By Pension and Benefits Editorial Staff
A majority of U.S.-based large employers are expanding paid leave benefits including adding or considering new types of paid leave, increasing the number of days available for leave, and/or broadening eligibility, according to a recent Business Group on Health survey. The survey of 113 large employers also revealed that employers are responding to employees’ needs and a more diverse workforce by expanding paid leave for parenting, caregiving, bereavement, and for other reasons.
According to the Business Group’s 2020 Large Employers’ Leave Strategy and Transformation Survey, almost four in ten (39%) respondents expanded paid leave benefits in 2019, 38 percent are making changes this year and 35 percent are considering by 2022. More specifically:
- Thirty percent of employers added new leave programs in 2019. Additionally, 24% are planning to add programs this year (with 18% considering new programs in 2021/2022).
- Twenty-four percent of employers increased the duration of leave available last year. Additionally, 23% plan to increase the duration of leave this year (with 23% considering doing in 2021/2022).
- Twelve percent of employers expanded eligibility for leave benefits last year. Additionally, 8% plan to expand eligibility this year (with 15% considering doing so in 2021/2022).
“Leave benefits, especially for new parents and working caregivers, are highly valued by employees and address a growing area of need. Employers are evaluating, and in many cases, expanding these and other benefits to help meet those needs,” said Brian Marcotte.

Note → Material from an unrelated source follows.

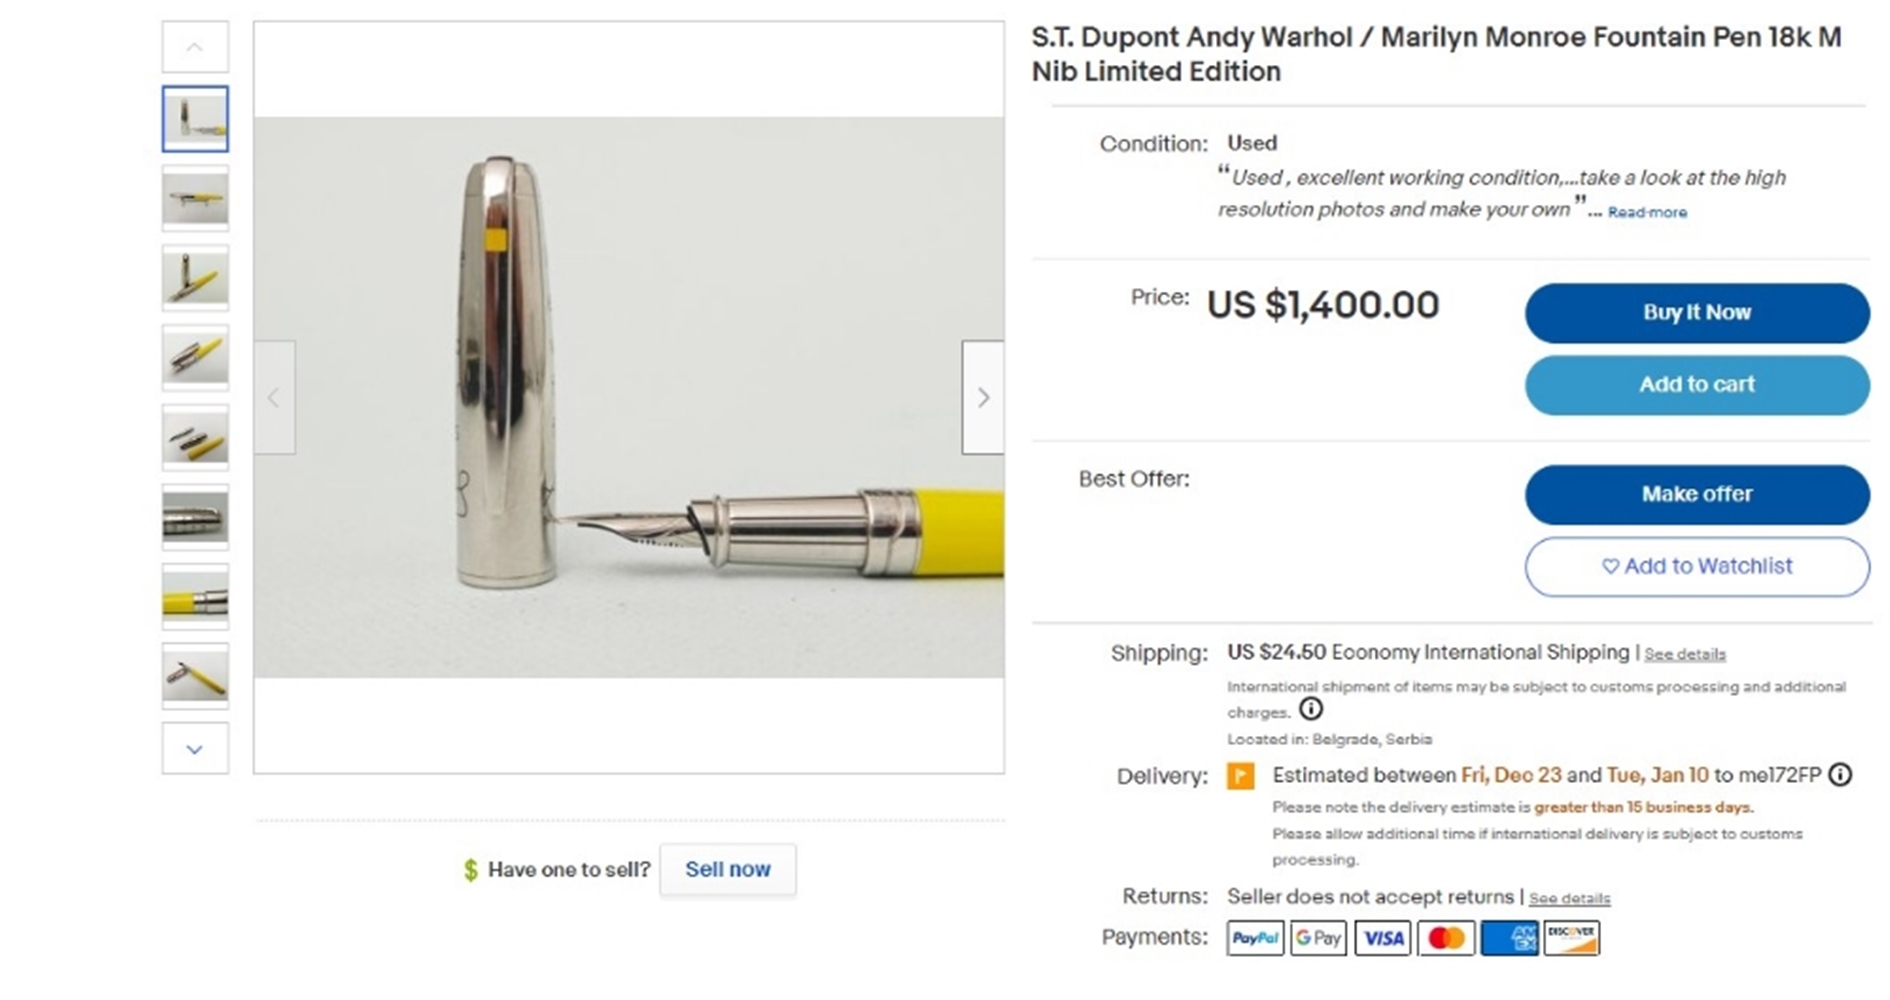 SOLD VIA BUY IT NOW PLEASE DO NOT BID-Rare St Dupont Andy Warhol Fountain Pen Yellow Box & Papers - Image 12 of 13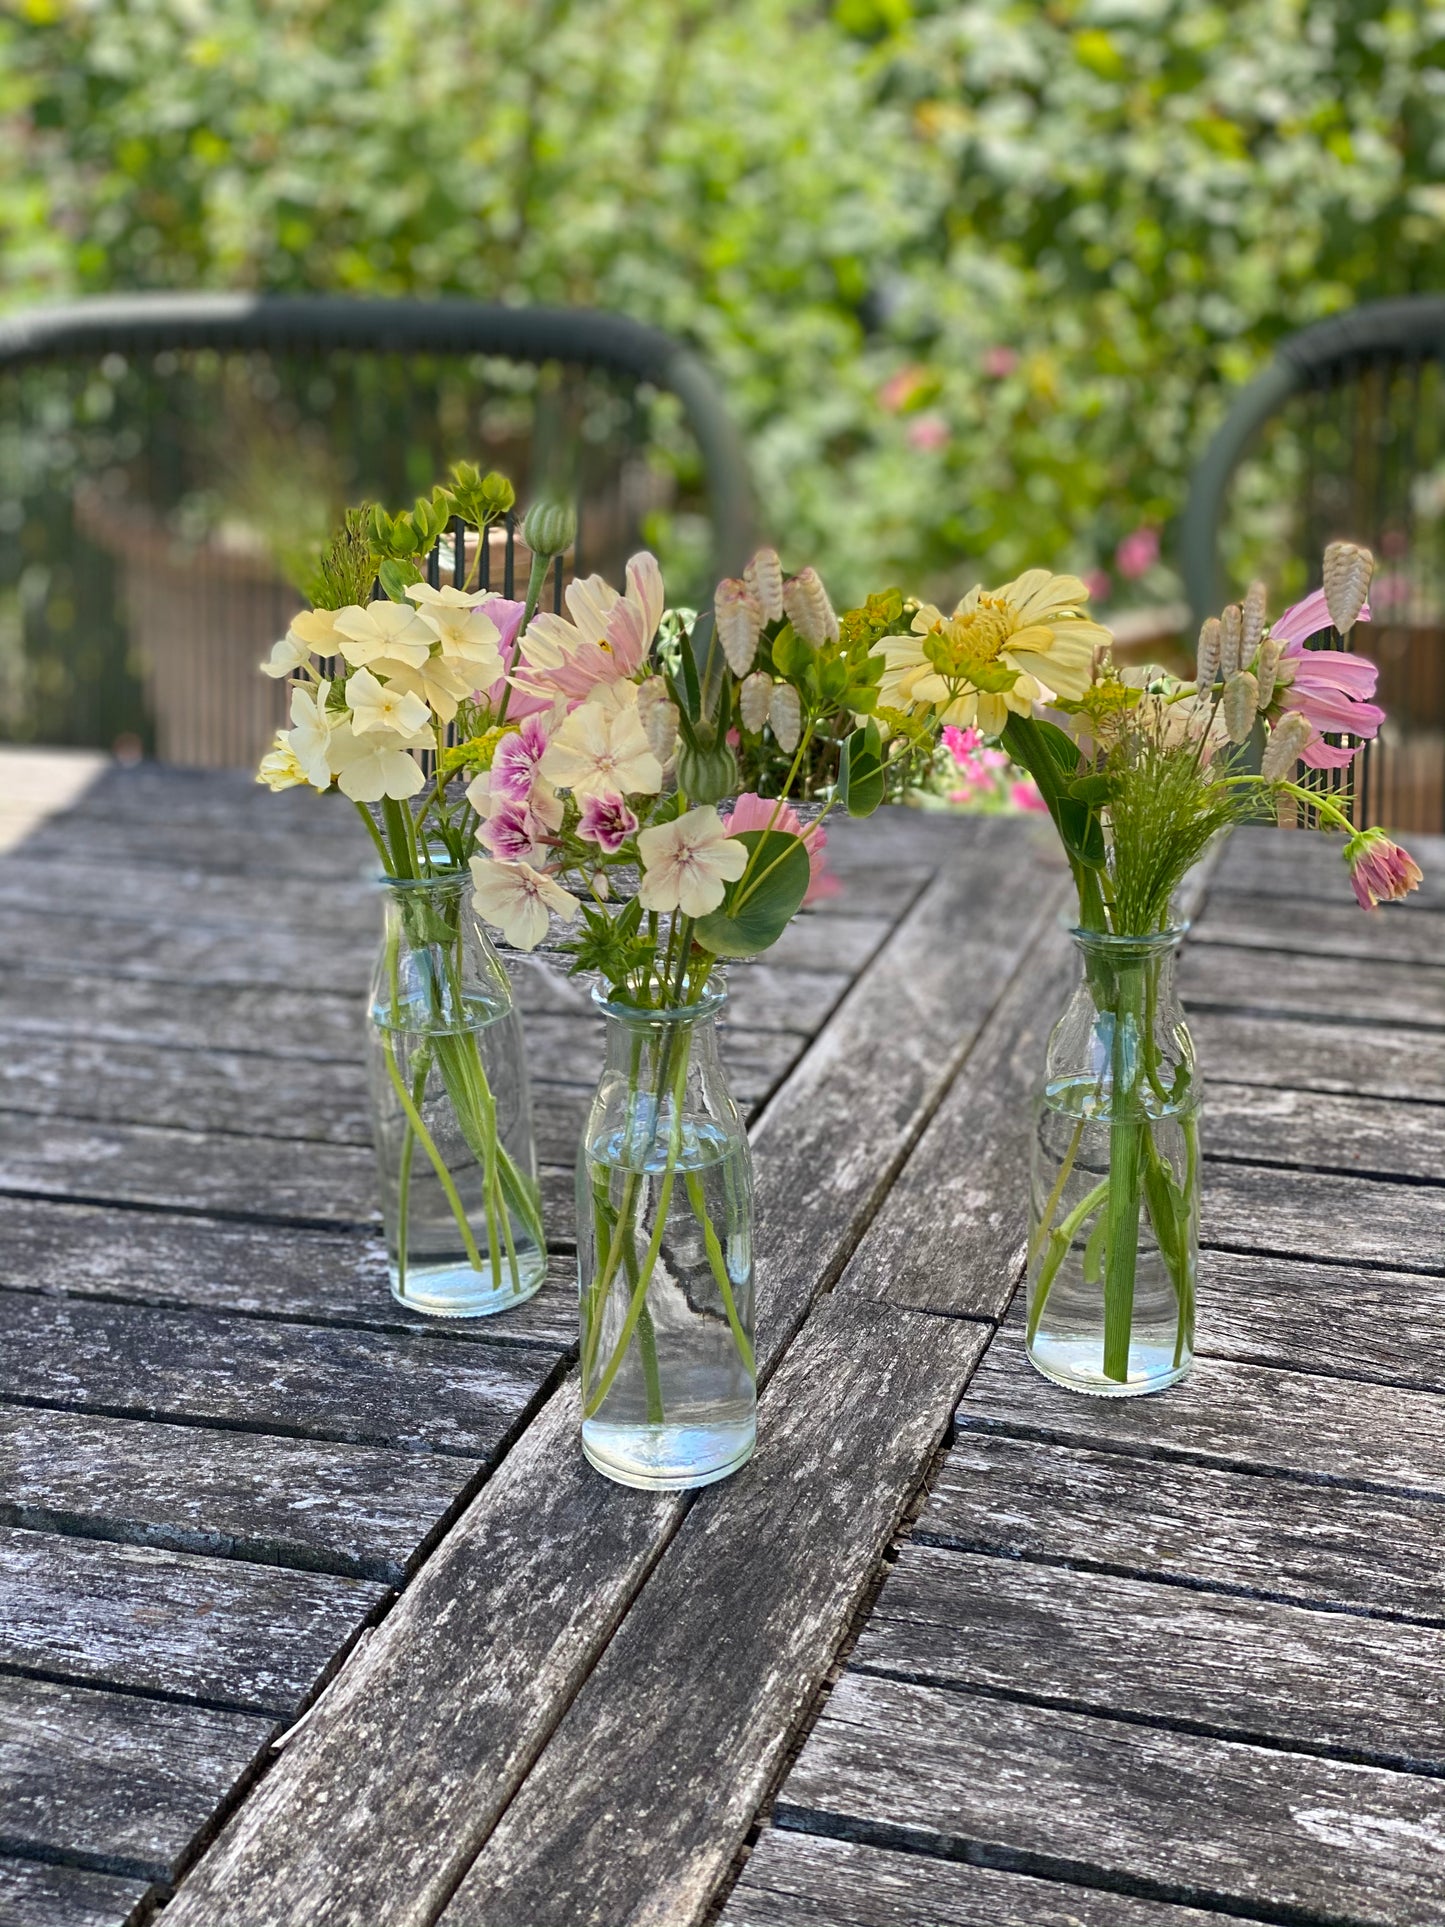 Filled small table vases with fresh flowers

More employers embracing caregiver, expanding bereavement leave. Employer interest in supporting employees with caregiving responsibilities is growing. Over a third of respondents (35%) offer caregiver leave benefits and another 28 percent are considering it by 2022. Interestingly, many employers have gone beyond leave to care for a spouse, child or parent to also cover others that employees may have caregiving responsibilities for: 46 percent cover siblings, 46 percent cover parents of spouse/partner and 38 percent cover grandparents.
The survey also noted that employers understand the importance of being there for employees when they most need support. In fact, all respondents in the survey offer bereavement leave. On average, employers offer six days of bereavement leave, with some providing up to 20 days.
“We expect large employers to continue expanding leave benefits in the coming years, and not just for parents and caregivers. In fact, employers are looking to volunteer leave, bereavement leave, military leave, mental health days, and summer Fridays off. Employers see their roles changing and want to support employees during the times they need it most,” said LuAnn Heinen, vice president, Business Group on Health.